Et me voilà, femme Française avec des yeux bridés, un petit nez écrasé, de parents français, avec des origines franco-sino-russe et un nom à consonance italiano-corse… Un sacré mélange !

Fière d’être une enfant du monde, j’ai pourtant fui la communauté asiatique

Comme je le dis très souvent, je suis une banane : jaune à l’extérieur, blanche à l’intérieur. Je ne parle pas chinois. Je ne fête pas le nouvel an chinois.
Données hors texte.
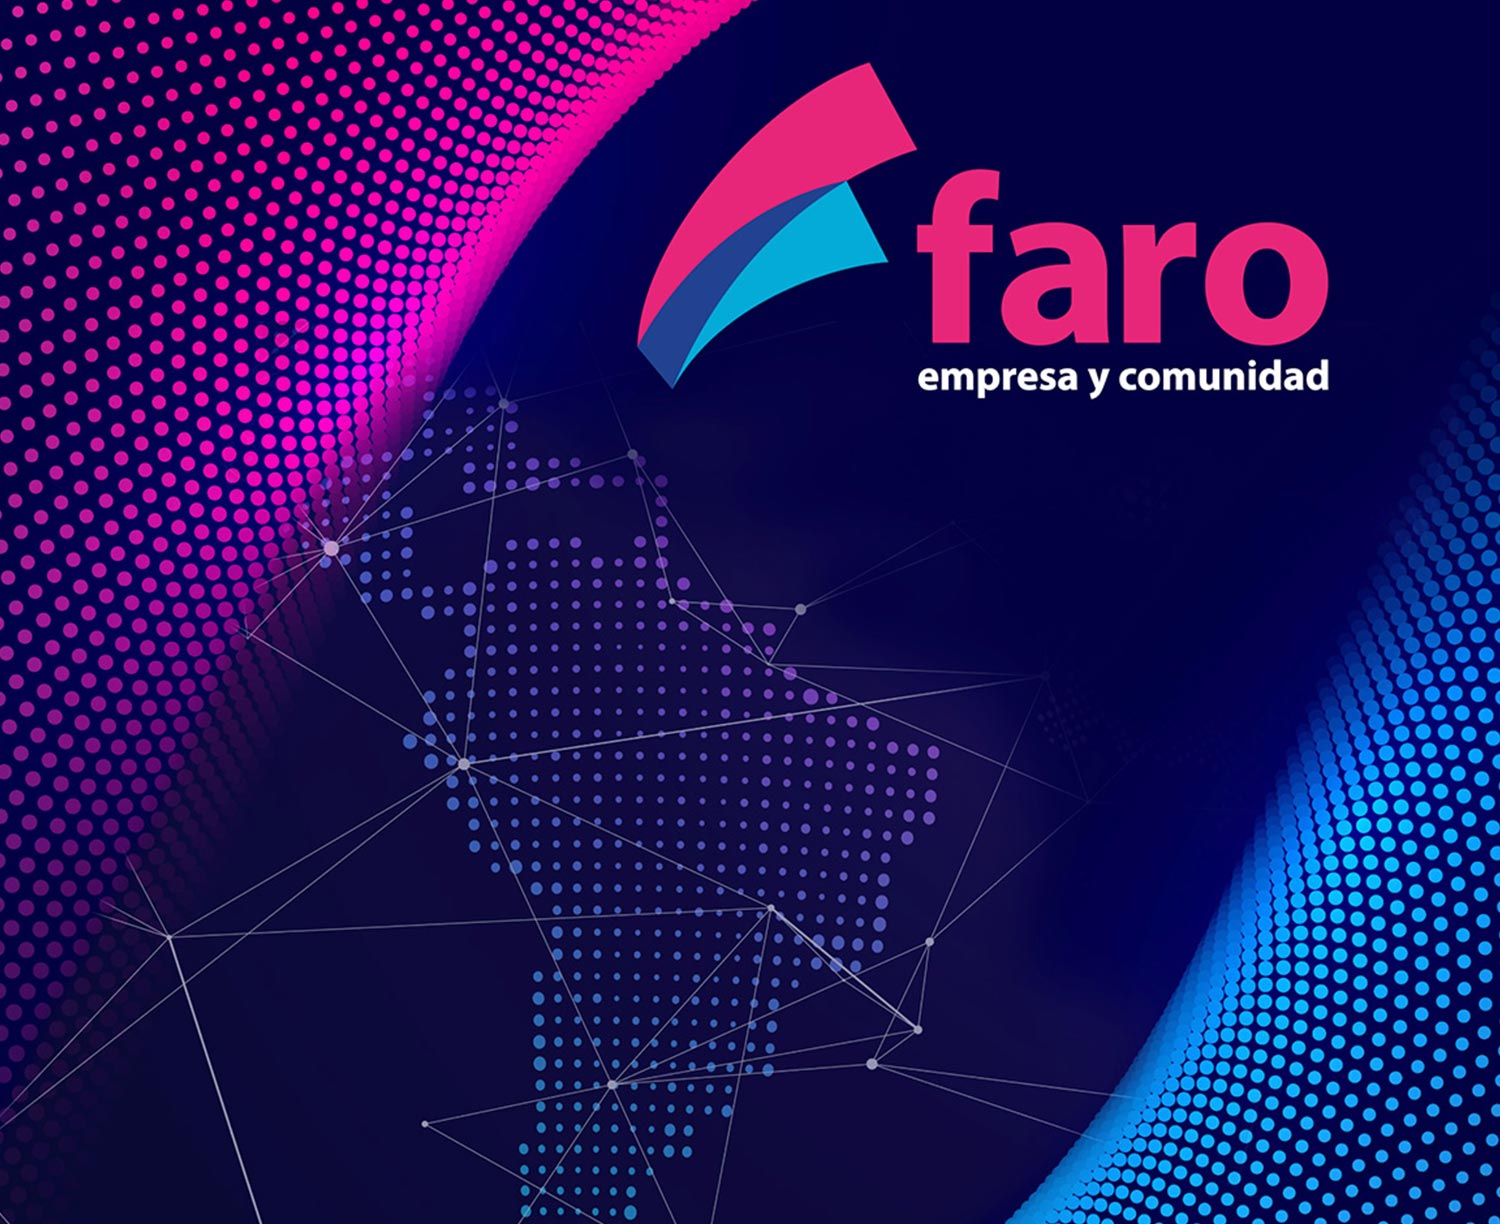 Cover page of a publication of the results of Faro, a self-assessment tool. The text says “faro, empresa y comunidad.
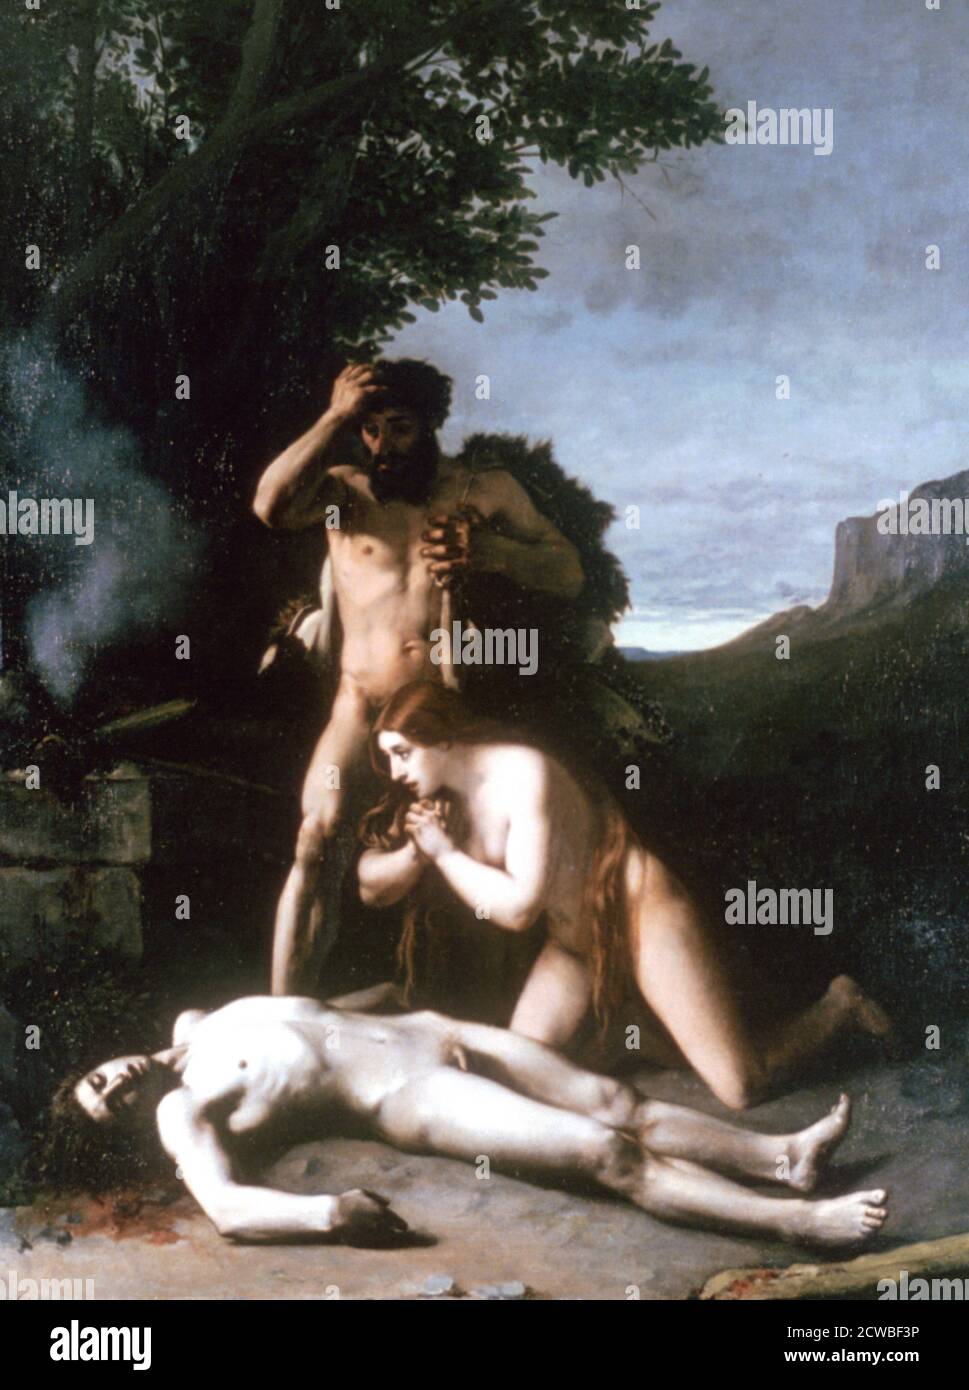 Adam and Eve finding the Body of Abel', 1858 Artist: Jean Jacques Henner. Adam and Eve were the first man and woman created by God according to the Bible and the Qur'an. Stock Photo

J’ai longtemps fui les asiatiques, tout en restant attirée par leurs cultures.

Ma mère a beaucoup de mal à partager son histoire et celle de ses parents. Il va vraiment falloir que je me décide à chercher par moi-même… Il y a beaucoup d’éléments idéalisés et de trous noirs qui ne seront surement jamais comblés. Ces non-réponses à mes questions ont creusé le fossé entre ma culture chinoise et moi-même, et entre ma mère et moi.

J’ai toujours eu le « cul entre deux chaises ». J’avais les yeux trop bridés pour être Française. Je connaissais trop peu la culture chinoise pour m’y intégrer – et je n’en avais pas envie. J’ai trop de caractère. Je n’avais pas le nom qui allait avec mon visage. Mais je n’ai jamais renié la richesse de mes origines. J’ai juste préféré me définir comme une enfant du monde et j’ai donc fui les communautés, dont la communauté chinoise.

Savoir où je vais

Depuis une petite dizaine d’année, la communauté asiatique sort de son silence, et pour cause, la nouvelle génération n’est plus celle de nos parents ni de nos grands-parents. Il est temps aussi pour les asiatiques – et je vais désormais dire pour nous – de se faire comprendre dans toute notre diversité et de mettre fin aux stéréotypes qui nous rendent vulnérables.

Comme vous le savez, je suis une jeune maman. Une nouvelle génération est née, encore plus métissée que moi grâce à Monsieur Chou. Mon Bout’Chou lui non plus n’a pas un nom qui va avec sa tête. Lui aussi aura à répondre à de nombreuses interrogations sur ses origines, son histoire, sa potentielle adoption… Peut-être que lui aussi sera confondu avec les deux autres asiatiques qui seront dans sa classe…

Si j’ai fait une force de mon multiculturalisme, j’espère qu’il sera encore plus fort et qu’il assumera chacune de ses origines, qu’il pourra puiser aussi dans la puissance et le dynamisme de ses communautés plurielles.